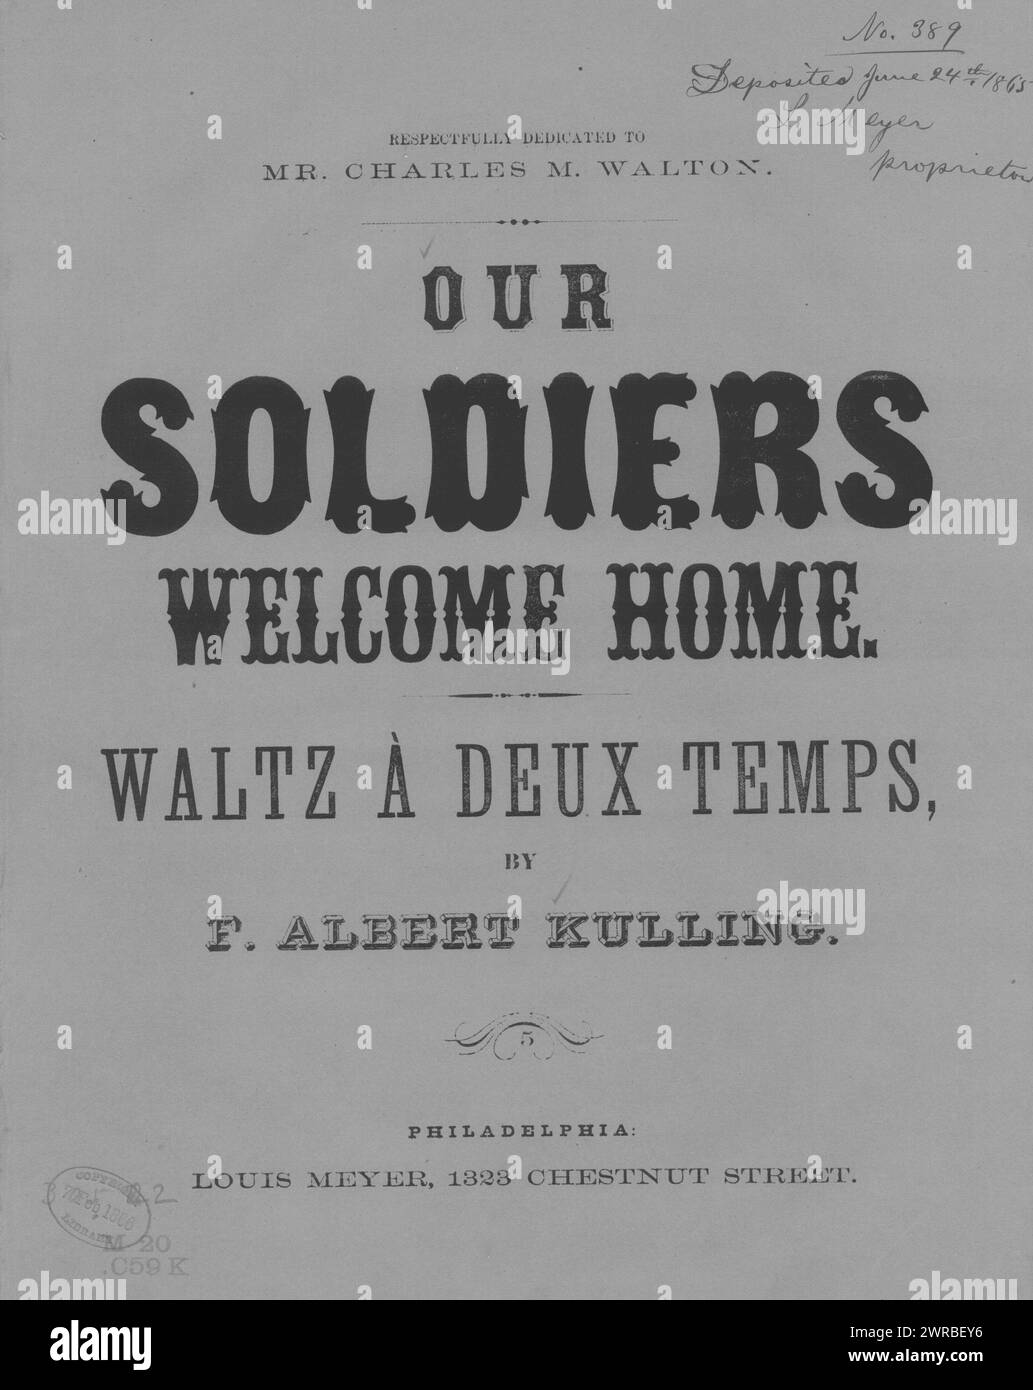 Our soldiers welcome home waltz, Kulling, F. Albert (composer), Louis Meyer, Philadelphia, 1865., United States, History, Civil War, 1861-1865, Songs and music Stock Photo
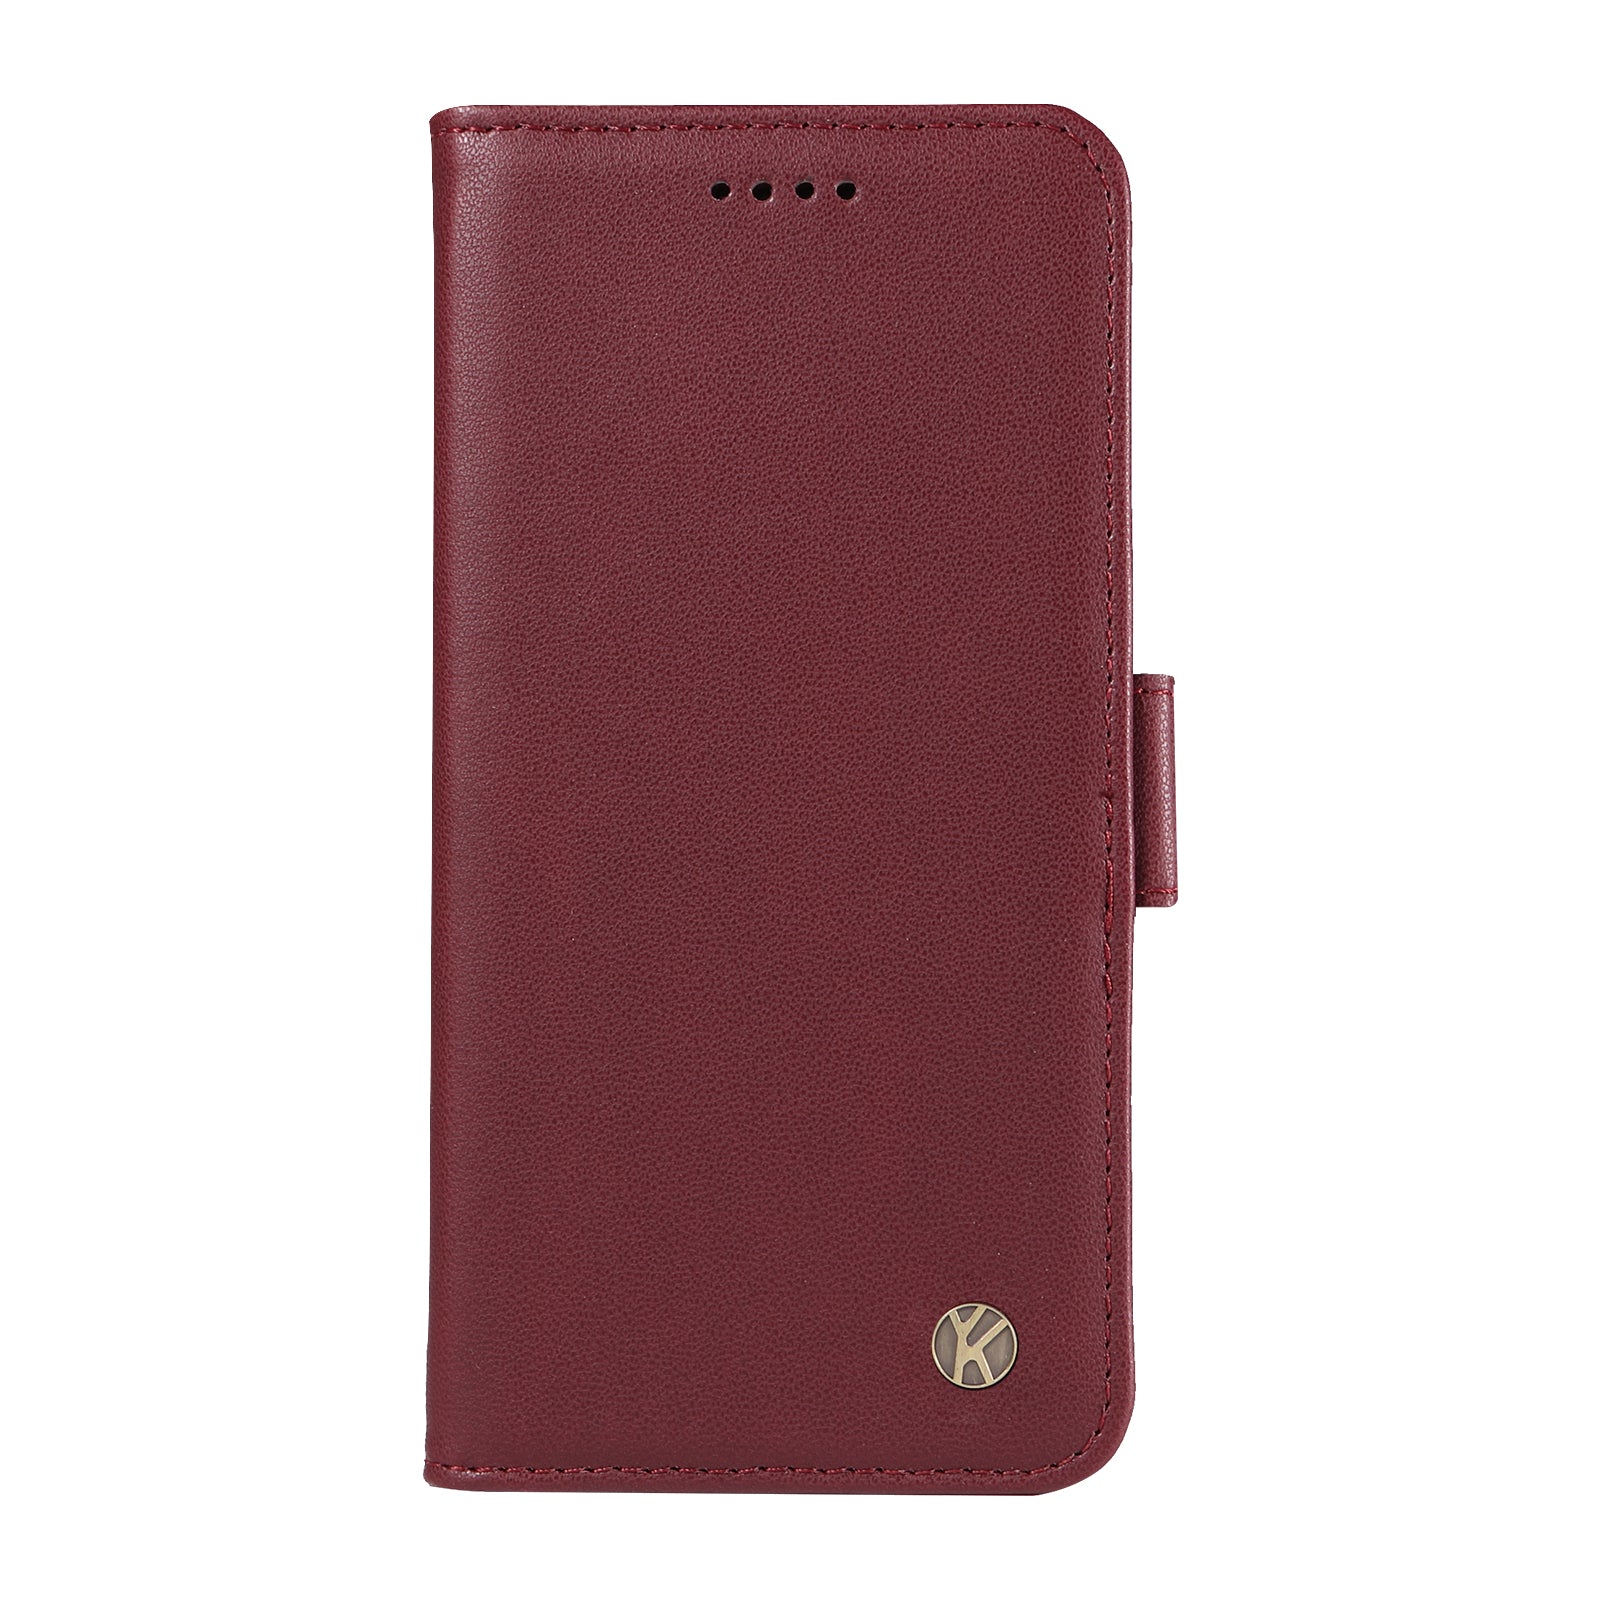 YIKATU YK-003 For Realme 12+ 5G Case Wallet PU Leather+TPU Cover Phone Accessories Distributors - Wine Red
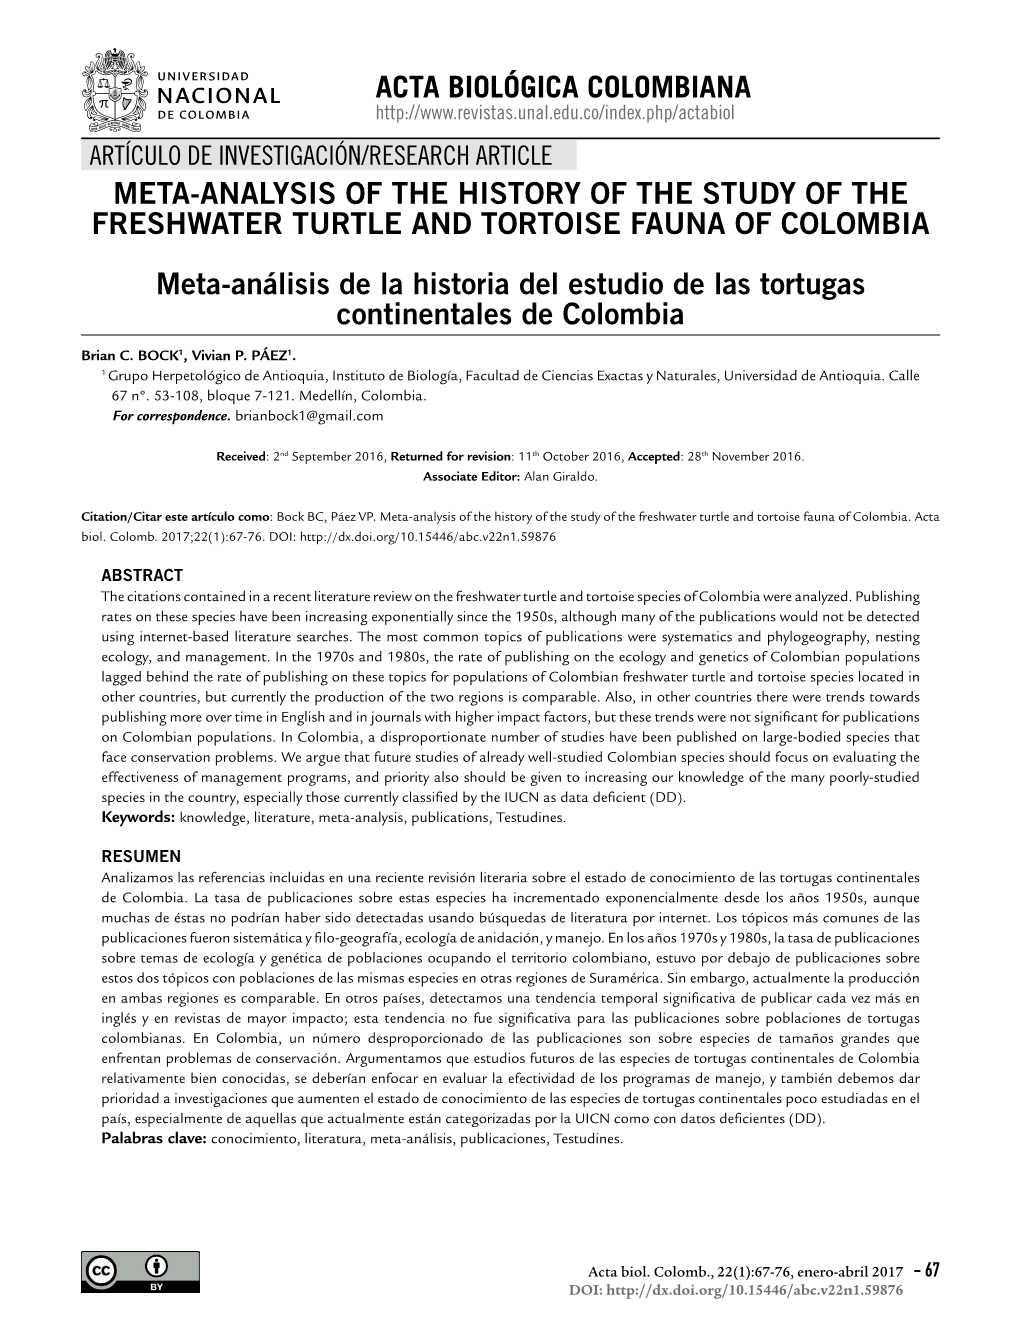 Meta-Analysis of the History of the Study

##########

**EXERCISE PROMPT**: Copy the listing character for character, pictures omitted.

**ANSWER BOX**:
 Our soldiers welcome home waltz, Kulling, F. Albert (composer), Louis Meyer, Philadelphia, 1865., United States, History, Civil War, 1861-1865, Songs and music Stock Photo
 YIKATU YK-003 For Realme 12+ 5G Case Wallet PU Leather+TPU Cover Phone Accessories Distributors - Wine Red
 Meta-Analysis of the History of the Study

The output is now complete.